Each technology has its own advantages and disadvantages. GNSS can provide global coordinates, but it is easy to lose signals in tunnels or mountainous areas. IMU does not rely on external signals, but it will accumulate errors over time. LiDAR and visual SLAM can perceive the environment in real time, but they are sensitive to lighting and environmental texture.
To truly achieve autonomous driving, autonomous vehicles must be able to flexibly cope with various traffic environments. However, many traffic scenarios include tunnels, mountainous areas, and other places where satellite signals are weak and road conditions may obstruct the view. In such cases, how can autonomous vehicles achieve centimeter-level positioning? Today, the forefront of intelligent driving will discuss this topic with you.
Analysis of common positioning technologies for autonomous driving
1) GNSS/Satellite Positioning: Advantages and Limitations
GNSS (Global Navigation Satellite System) includes multiple national satellite navigation systems such as GPS, BeiDou, and Galileo. It calculates a vehicle's latitude, longitude, and altitude by receiving signals from at least four satellites. Its advantage is providing absolute positioning with global coverage, typically offering meter-level or even higher accuracy. To improve accuracy, enhancement techniques such as Real-time Dynamic Differential (RTK) or Precise Point Positioning (PPP) are commonly used, raising positioning accuracy to decimeter or even centimeter levels. For example, dual-frequency RTK can achieve a lateral error of less than 0.2 meters at 95% confidence, while single-frequency RTK achieves only 0.4 meters. Furthermore, multi-constellation (simultaneously receiving signals from GPS, BeiDou, etc.) and dual-frequency designs can reduce ionospheric and multipath errors, further improving reliability.
For autonomous driving needs, GNSS has significant limitations. It relies on satellite signal transmission, and significant problems arise in environments where signals are blocked or reflected. For example, in tunnels, underground parking garages, and densely forested mountain valleys, satellite signals are frequently obstructed or reflected via multiple paths. Tests have shown that when vehicles traverse areas with tall buildings, overpasses, or tunnels, direct path signals are often blocked, and the receiver can only receive reflected signals, leading to a significant increase in positioning errors. Furthermore, GNSS is also affected by error sources such as the atmospheric ionosphere, satellite clock bias, and receiver noise. While these errors can be mitigated through dual-frequency or differential techniques, GNSS positioning becomes completely ineffective once the signal is interrupted in areas of continuous obstruction. In real-world driving scenarios, if positioning accuracy needs to reach the 10-centimeter level (required for safe cornering and lane-level control), the system's positioning performance will drastically decline if GNSS is lost. For instance, in a 10-kilometer-long tunnel, relying solely on a visual odometry system could result in a cumulative positioning error of 2.3 meters (more than half the width of a typical lane), indicating that traditional GPS solutions cannot meet accuracy requirements in such scenarios.
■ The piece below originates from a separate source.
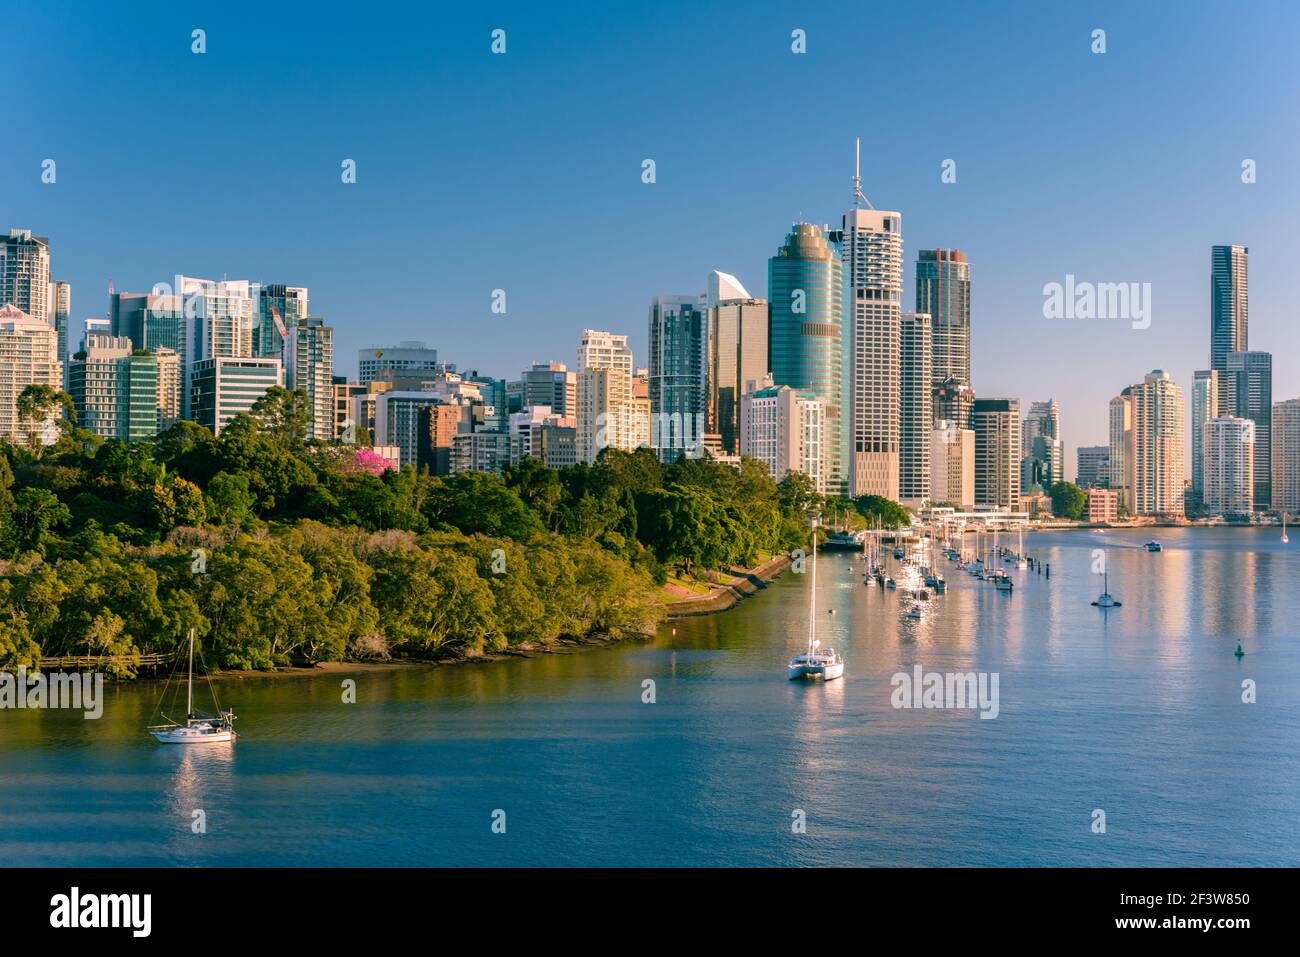 Vue du matin sur la ville et le fleuve de Brisbane depuis Kangaroo point. Brisbane est la capitale de l'État du Queensland, en Australie. Banque D'Images

To address these issues, a common approach is to combine enhanced GNSS with auxiliary signals, such as using ground-based RTK networks or satellite augmentation signals (PPP-RTK) to improve accuracy; there are also proposals to transmit augmentation signals via low-Earth orbit (LEO) satellites (such as Starlink). It's important to understand that LEO satellites themselves do not directly improve positioning accuracy, but they can increase the number of visible satellites in partially obscured areas. For example, in areas under viaducts or near buildings, navigation signals transmitted via LEO satellites allow the receiver to "see" a sufficient number of satellites, thereby enhancing navigation reliability. Even if the accuracy of a single satellite remains unchanged, the overlapping positioning can make the location more accurate. Furthermore, traditional cellular networks (such as 5G/6G base stations) and future satellite internet are also expected to assist positioning through signal coverage.
2) Inertial navigation (IMU) and odometry
When GNSS is unavailable, vehicles can still use inertial navigation for short-term positioning compensation. An IMU (Inertial Measurement Unit), consisting of accelerometers and gyroscopes, measures the vehicle's acceleration and rotational angular velocity along three axes. IMUs update at high frequencies (typically 100–200 Hz), allowing them to "relay" estimates of vehicle displacement at GNSS positioning update intervals (around 10 Hz). The common practice is to integrate IMU readings to obtain the vehicle's velocity and position increments; this method is called inertial dead reckoning. In the event of GNSS loss, the vehicle can estimate short-term position changes based on the most recent velocity and acceleration readings.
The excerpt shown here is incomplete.